Arizona currently has among the highest COVID-19 death rates in the country, with an average 51 deaths per day, and a rate of 0.70 deaths per 100,000. In the midst of legal battles over the state’s refusal to adopt President Biden’s vaccine mandate for health facilities, 53% of Arizonans have been fully vaccinated against COVID-19. As community transmission levels remain high, some experts are warning of a potential “twindemic” this winter with the combined threat of COVID and the flu virus.
This month’s “5 Things We’re Watching” features a conversation with AzHHA’s new government relations director about how hospitals are approaching vaccine requirements for their employees, as well as how their staffing shortages continue to be a concern. Also featured in this newsletter: a legislator determined to expand postpartum coverage, calls for clearer health data collection for Black Arizonans, and an FQHC’s work to improve cultural competency for its patients.
If there’s something specific you’d like to see us report on, please don’t hesitate to let me know! I welcome your input. Thanks for reading!
Health Policy Reporter
State of Reform
1. Q&A: Rep. Kelli Butler is continuing her push for increased maternal health coverage
Democratic Rep. Kelli Butler is an active voice in state health policy and sits on the House Health and Human Services Committee. In this Q&A, Butler discusses her work to expand CHIP coverage, improve maternal health, and combat homelessness.
Butler is pushing to raise the CHIP income eligibility — which she says is among the “stingiest” in the country — to the US median, which would add around 20,000 more children to the program. She also wants the state to expand postpartum Medicaid coverage, citing a study showing 80% of pregnancy-related deaths in the state between 2016 and 2017 were preventable and that over one-third occurred between 42 days and one year postpartum.
2. AzHHA emphasizes severity of workforce shortage
With Arizona hospitals predicted to continue to struggle to meet demand for care through February, AzHHA’s new director of government relations, Meghan McCabe, says the state’s health care workforce shortage is members’ “top pain point.” She says AzHHA is working to educate policymakers about the need for more health care workers and to grow the education pipeline to bring in new staff.
McCabe, stating that AzHHA recognizes vaccines as one of the best strategies for mitigating COVID-19, says the organization is ensuring its members have access to all the vaccine information they need, but acknowledged that some workers will choose not to receive it. “We know there may be some staff who choose not to get vaccinated, and that’s the reality … our hospitals are ensuring that that education and information is available, [and] that people can make an evidence-based decision about getting vaccinated.”
3. North Country Health Care shares efforts to improve cultural competency
North Country Health Care, northern Arizona’s primary FQHC that serves over 50,000 patients across 12 rural communities, recently released its annual Cultural Competency Report, which details its efforts to address the SDOH of its patients. Roxana Contreras Cardiel, equity and inclusion specialist at NCHC, spoke with State of Reform reporter Soraya Marashi about the FQHC’s success in the area this past year, specifically highlighting the use of “integral” community health workers to improve language accessibility.

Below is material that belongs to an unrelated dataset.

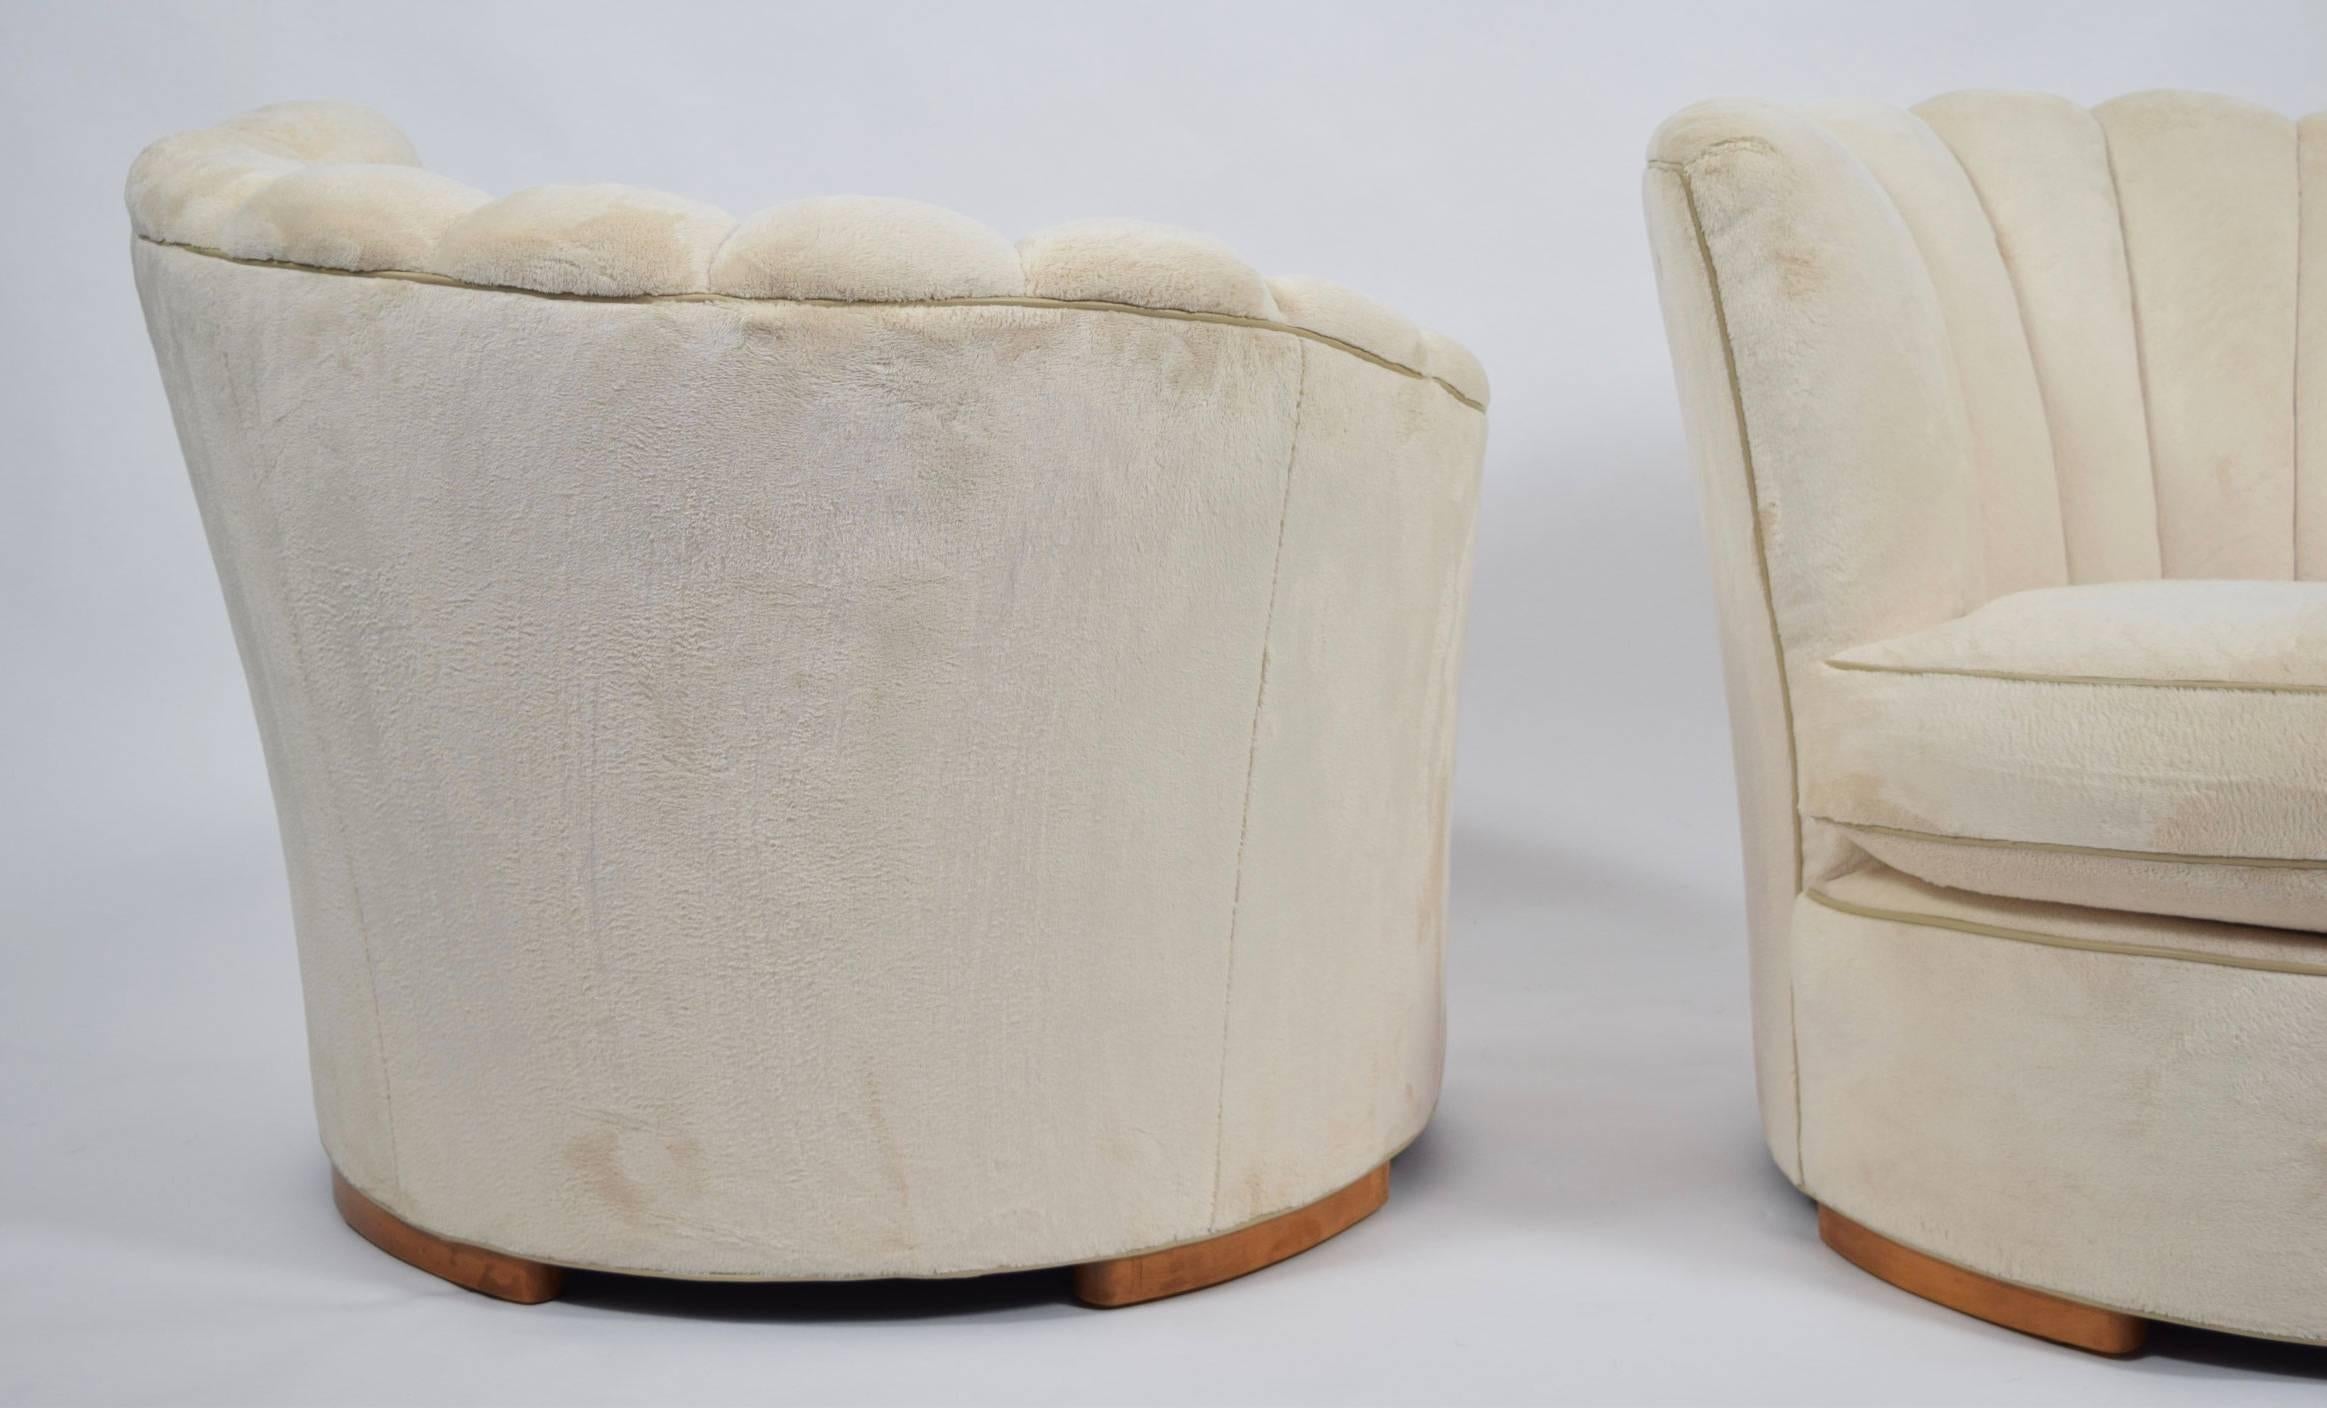 A beautiful pair of deco style lounge chairs with fan backs. Fabric is a high pile velvet which is soft and plush with a cream leather trim. Chairs sit on four rounded wooden legs.

Cardiel also said the facility is focused on improving diversity, equity, and inclusion in its workforce. By fostering a diverse workforce and a sense of belonging among staff, she said, NCHC is able to bring that sense of community to the diverse population it serves and ultimately yield better health outcomes.
4. Health data collection lagging for Black Arizonans
The State of Black Arizona’s recent “Driving Local Investment in Black Arizonans” report highlights health disparities that continue to impact Arizona’s Black residents, including a lack of access to primary care and insurance coverage. SBAZ Executive Director Teniqua Broughton told State of Reform the state has failed to collect adequate COVID-19 data that’s specific to Black Arizonans and said the disaggregation of this data should be a priority.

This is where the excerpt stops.